Tammy spoke, “Captain, it is of course equally conceivable that the Radulak psychoactive compounds initiated in you a perceptual shift that opened the window on a true and viable alternate universe, and indeed that whatever you saw actually persists in a parallel existence.”

Hadrian whimpered, and then said, “Really, Tammy? Well, I’d say that your theory deserves closer analysis. Much closer. For extended periods of time.”

“The risk, of course,” Tammy went on, “is when you come face-to-face with your alternate.”

“But then,” said Hadrian, “I could slip him a cocktail to send him
here
, couldn’t I?”

“And risk your ship, Captain?”

Hadrian leaned back and waved a hand. “Oh, he’d be fine, if a little soppy.”

Tammy said, “I sense another episode coming on.”

“Episode?”

“As you noted earlier, Captain, it truly does seem to be one thing after another with you, doesn’t it? You seem to live a life of episodic incidences.”

“Do I now? Really? Hey, Tammy, is that your trilobite planet coming up? Wow, what a green, innocent world! Definitely deserves a visit, wouldn’t you say?”

“Cut it out!” shrieked Tammy.

But Hadrian leapt to his feet. “Fire up the Insisteon!”

EiGHTEEN

Hadrian, Printlip, Galk, and two security officers displaced to find themselves in a grassy meadow, with a range of sun-bleached crags to the left, and a strew of oddly shaped boulders directly ahead, from which thin green-stalked trees rose, fronds waving. To the right was lush jungle, while behind the group the meadow shifted into marsh. The sky was pale blue, the air dry and hot.

“You know,” said Hadrian as he looked around, “if not for the jungle and those weird trees, this looks just like northern California.”

Printlip was studying its Pentracorder. “Captain, very high oxygen levels here. We might all begin feeling somewhat inebriated.”

“Can’t wait to see you get tipsy, Doc,” Hadrian said, eyeing the little round alien. The captain then turned to Galk. “My, that’s an impressive piece you’ve got there. What is it?”

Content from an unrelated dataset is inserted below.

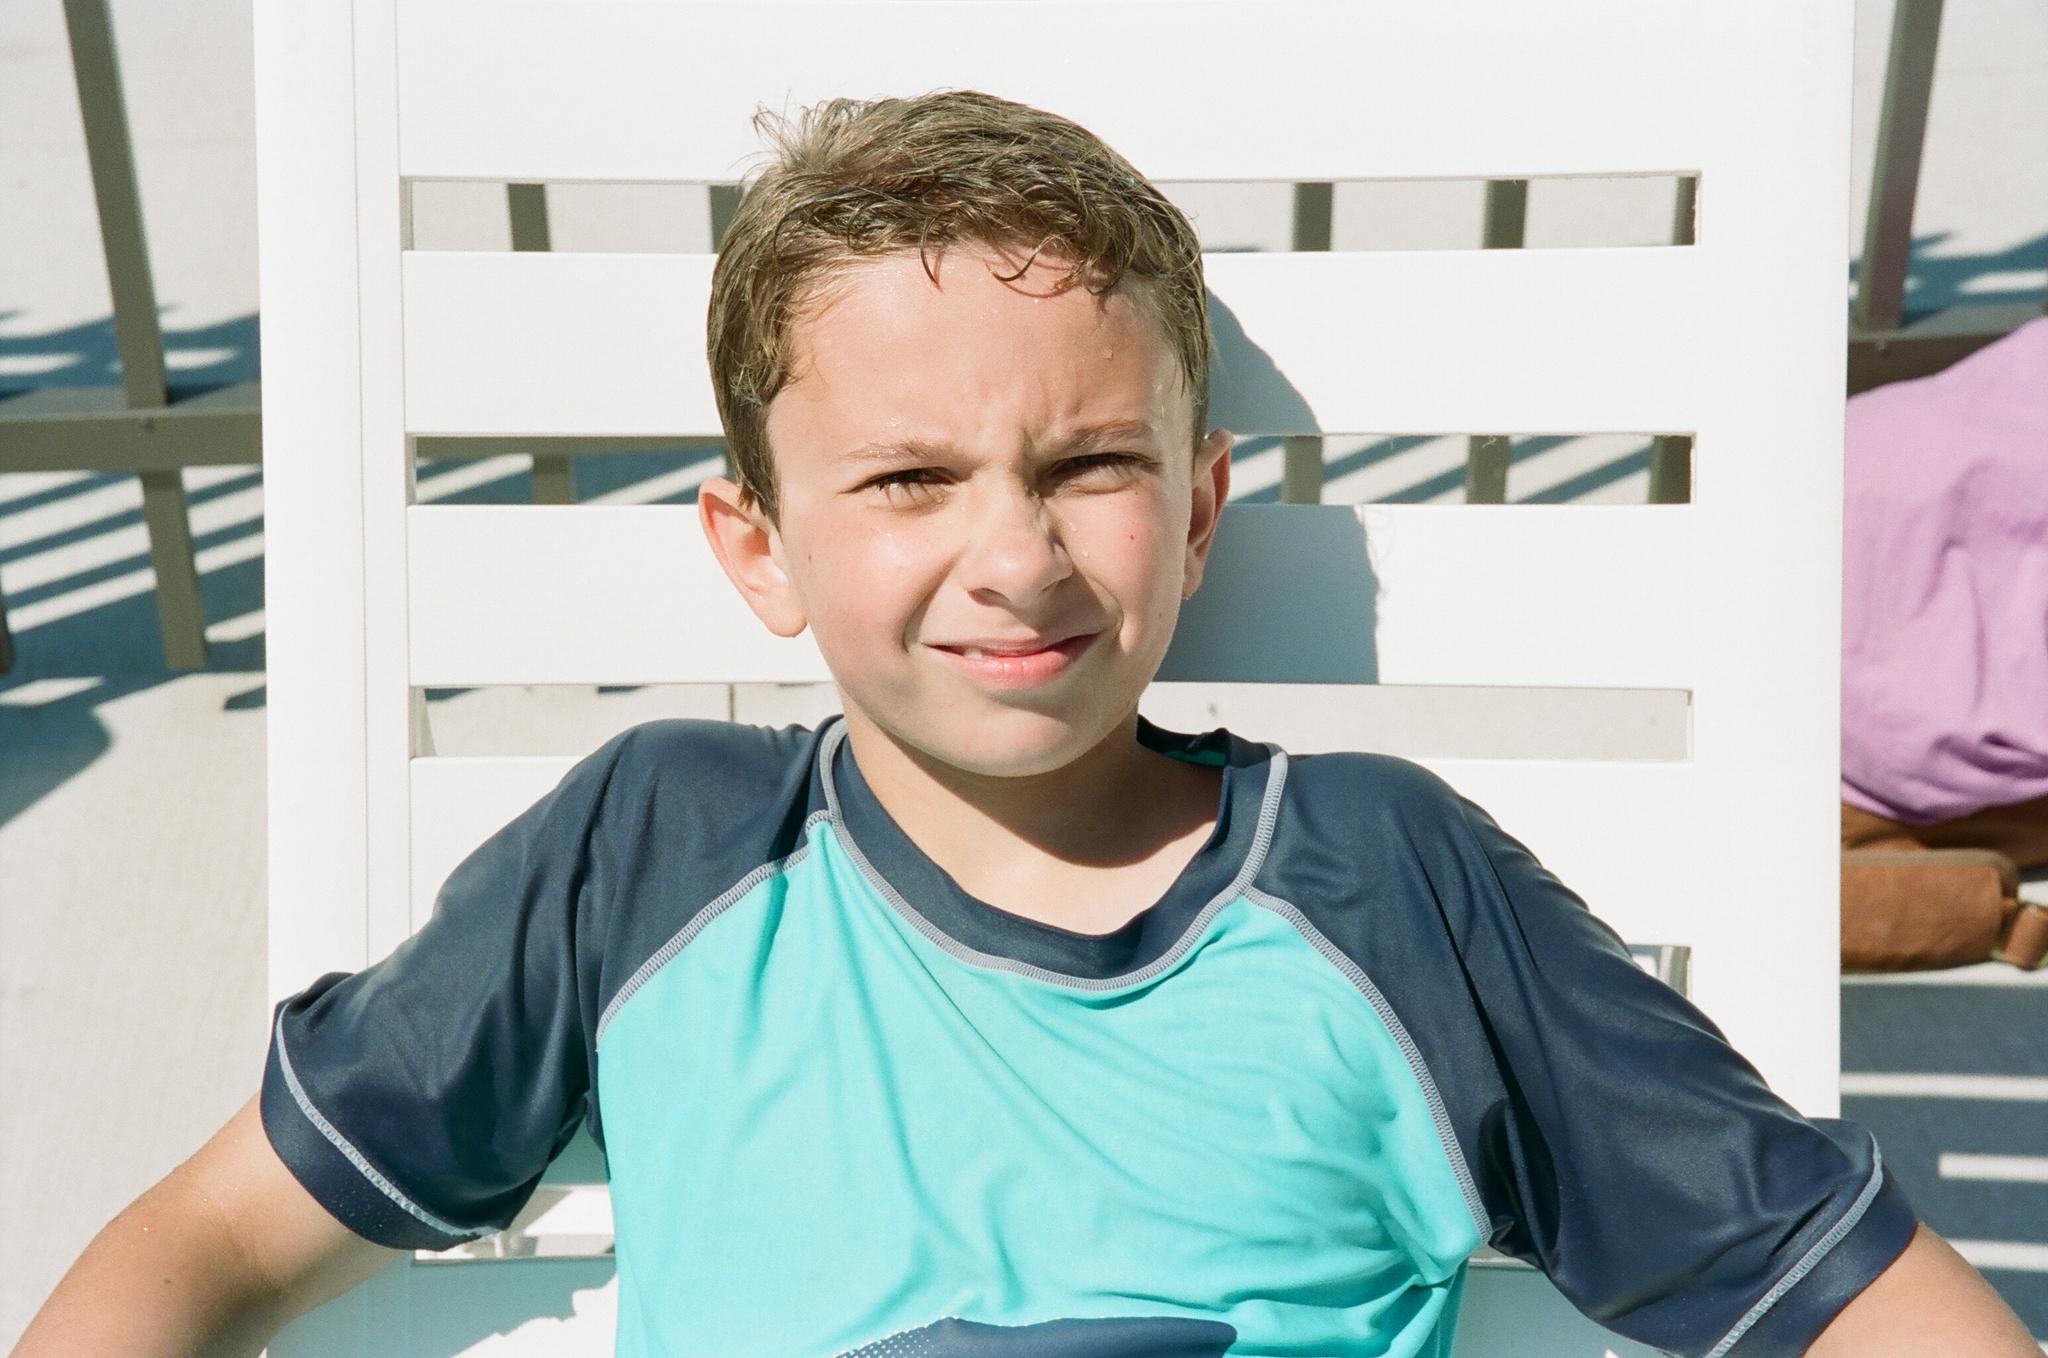 Portrait at pool of boy

The combat specialist hefted the massive, multisectioned, globular, shoulder-locked weapon. “This is an Atomic Laser-Attenuated Defensive Interceptor Multiple-Phase-Shield Last-Stand Forlorn Hope, Mark II, sir.”

“Outstanding, Galk. What does it shoot?”

“It doesn’t shoot anything, sir. It stops anything from hitting me.”

“I see. So, I take it, then, that you haven’t got my back.”

The Varekan frowned. “Good point, sir. I guess I picked wrong again, didn’t I?”